Leonurine Exerts an Anti-Primary Dysmenorrhea Effect in Rats by Inactivating the JNK/p38 Pathway
摘要
Primary dysmenorrhea (PD) refers to menstrual pain that occurs in the absence of obvious pelvic disease. By inhibiting the increase of prostaglandins in the endometrium, inhibiting excessive contraction of the uterus can relieve pain. Motherwort is mainly used to treat menstrual irregularities in women with leonurine as its major active alkaloid compound. The effects and mechanism of leonurine on PD remain unclear.PD model rats were induced, and blood and uterine tissues were collected. The concentration of prostaglandin F2α (PGF2α), prostaglandin E2 (PGE2), and beta-endorphin (β-EP) levels in blood samples were evaluated by enzyme linked immunosorbent assay (ELISA). IL-6, TNF-α and IL-1β in uterine tissues were also measured by ELISA. After intraperitoneal injection of oxytocin, number of writhing times and incubation period within 30 min were recorded. Structural and morphological changes of uterine tissues were observed by Hematoxylin-eosin (H&E) staining method. The proteome profiler rat phospho-kinase array kit was used to reveal possible phosphorylated kinases and signaling nodes that leonurine treatment affected. Western blot method was used to verify the results of phospho-kinase array.Compared with the model group, the twisting times of both ibuprofen and leonurine intervention group were significantly reduced, the latency of twisting body was significantly prolonged. Ibuprofen and leonurine treatment significantly down-regulated PGF2α levels and up-regulated PGE2 and β-EP levels.
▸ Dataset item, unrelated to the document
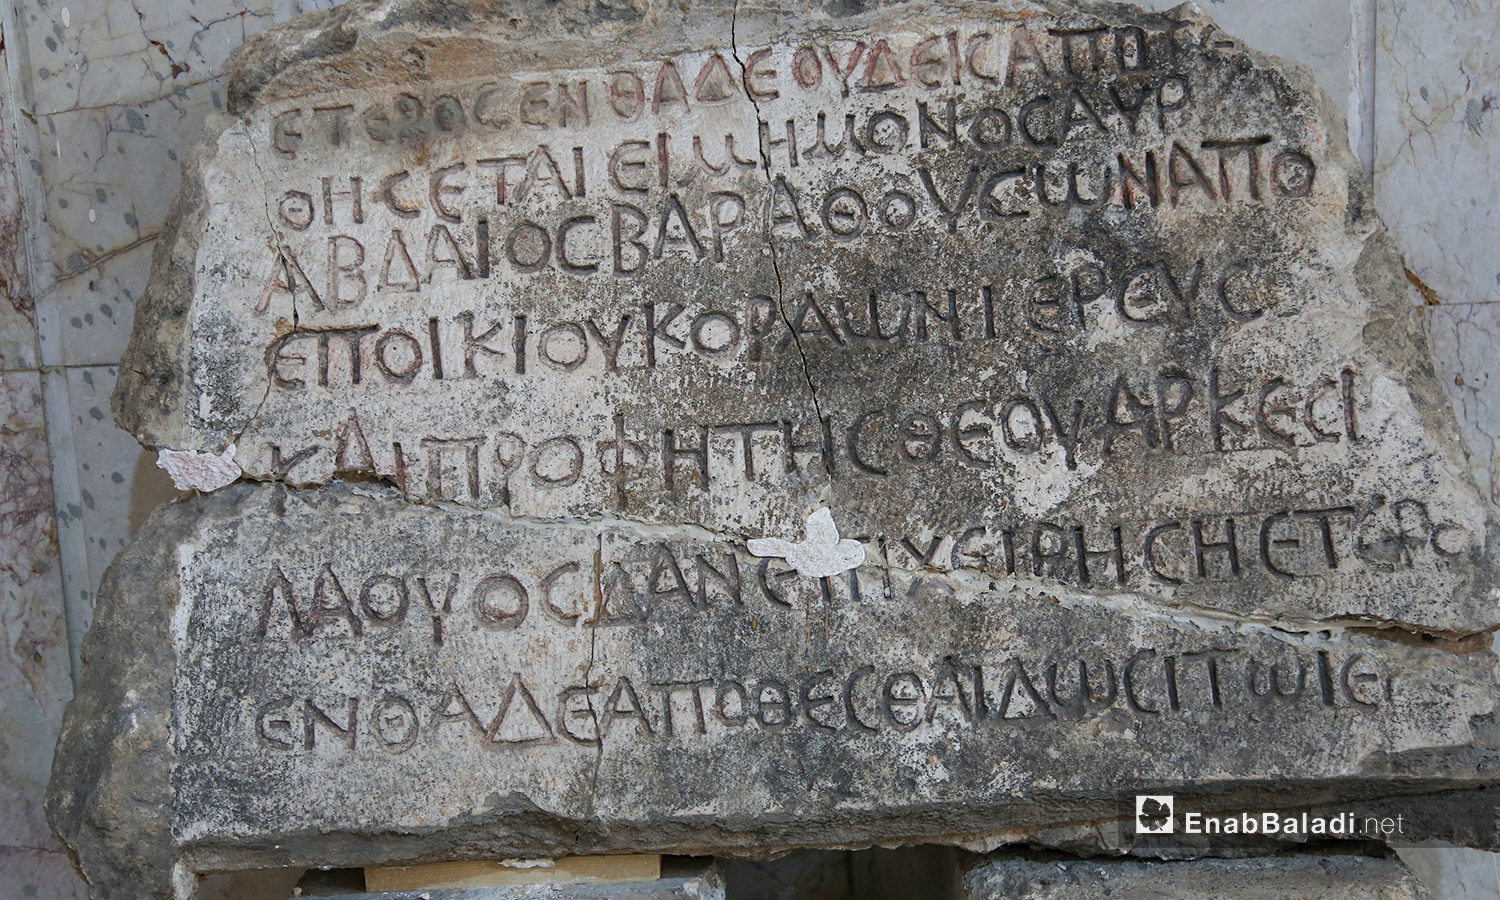 الأبجدية الإغريقية تستخدم لكتابة اللغة اليونانية منذ القرن الثامن قبل الميلاد، متحف إدلب،  شباط 2021 (عنب بلدي/ يوسف غريبي)

Leonurine treatment inhibited phosphorylation of the JNK/p38 signaling pathway, and JNK inhibitor SP600125 enhanced the effects of leonurine while JNK agonist Anisomycin exerted the opposite function.In conclusion, our data illustrated that the pain relief effect of leonurine for PD is similar to that of ibuprofen, and this may be related to the inhibition of JNK/p38 signaling pathway.